Even though one team might edit the code that another team supports, there is still a keen sense of ownership for the supporting team. The supporting team acts almost as the domain experts over their section of code. Using the CODEOWNERS file ensures that the supporting team is made aware and can sign off on any changes made by other teams. Because each chunk of code a team supports is small, they can actually learn and support it all unlike before where it was all just too much for anyone to handle.
With 3 devs on-call at once and each one of them focusing on a smaller piece of the application, they can spot problems a lot faster. Each team also wants to ensure that when things do go wrong they are caught quickly which is why many choose to tune their alerts to warn them of problems even faster than they were originally set up for.
Triaging and figuring out the root cause of issues is also a lot faster. Teams are intimately familiar with their alerts and the pieces of code they own which allows them to figure out problems quicker than before.
Having 3 devs on-call at once means that none of them ever feel alone. If things start to fall apart in one section of the application, the dev that owns that part knows there are two others available to help if they need it. Just knowing you have someone else easily accessible can do wonders to your confidence when you are on-call.
As I stated before, each of the 3 dev teams works across the entire application. This means that there are times when a team might work on code that ends up causing an alert for another team to go off.
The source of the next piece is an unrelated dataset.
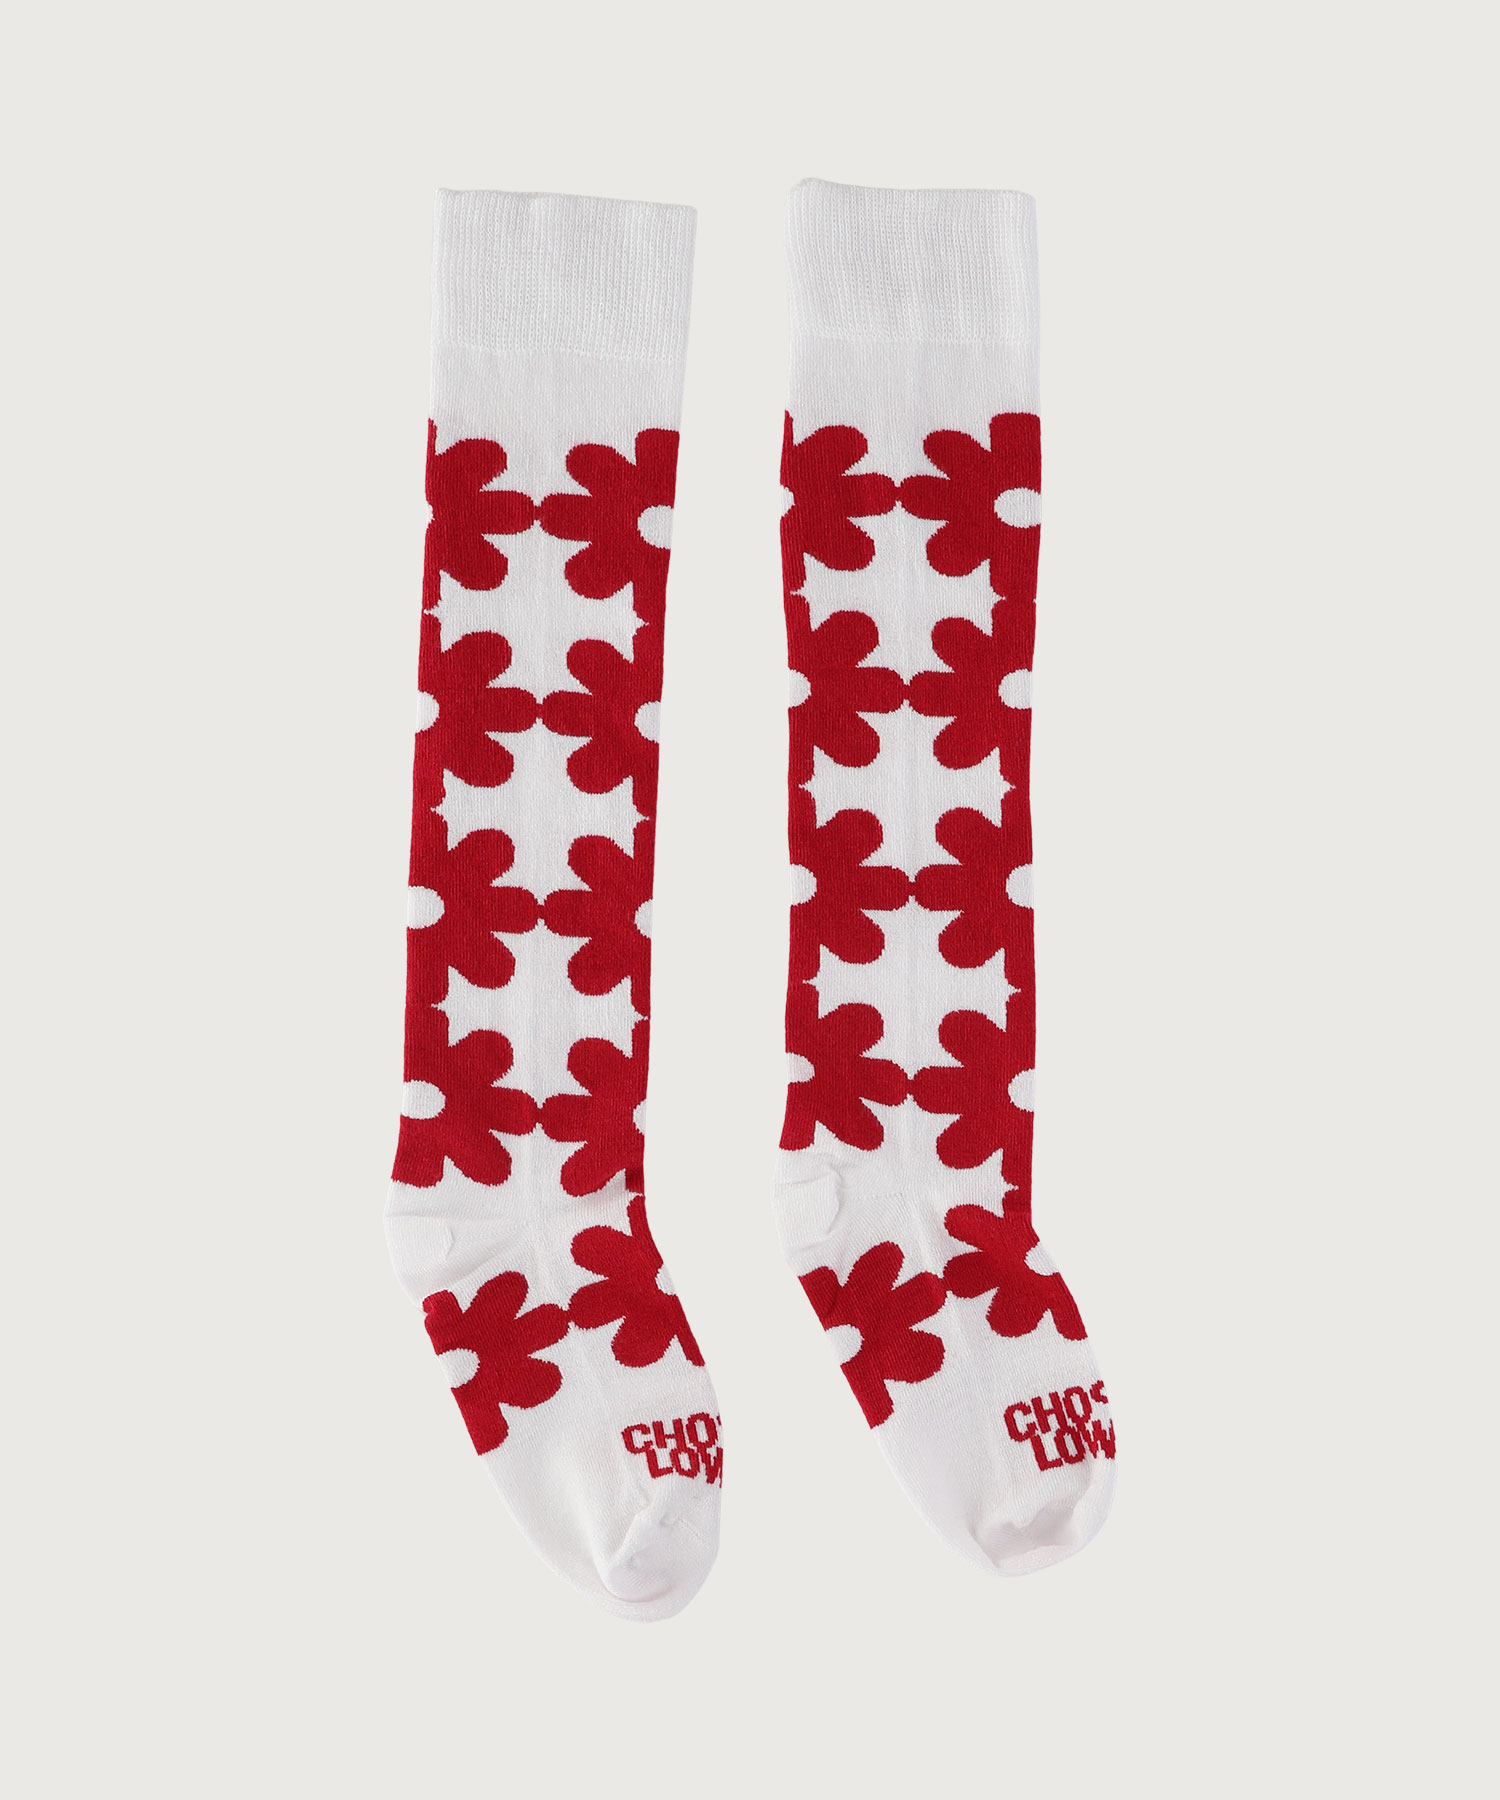 WHITE SOCKS WITH RED FLOWERS

For example, let's say a high load Redis alert goes off. It is not a guarantee that the team that owns that alert also owns the piece of the application causing the problem. However, because the Redis alert team is experienced with the alert, they know how to triage it quickly and efficiently. Then, the triaging team can easily hand it off to the team that owns the problem component. This cross-team communication has helped teams stay current with each other's work, but they never feel like they are having to fix other team's code.
On-call is something that many people in this industry dread and it shouldn't be that way. If people are dreading on-call then something is broken with your system. Sure, everyone at some point will get that late night or weekend page that is a pain, but that pain shouldn't be the norm. If on-call makes people want to pull their hair out ALL the time, you have to figure out the problem and fix it.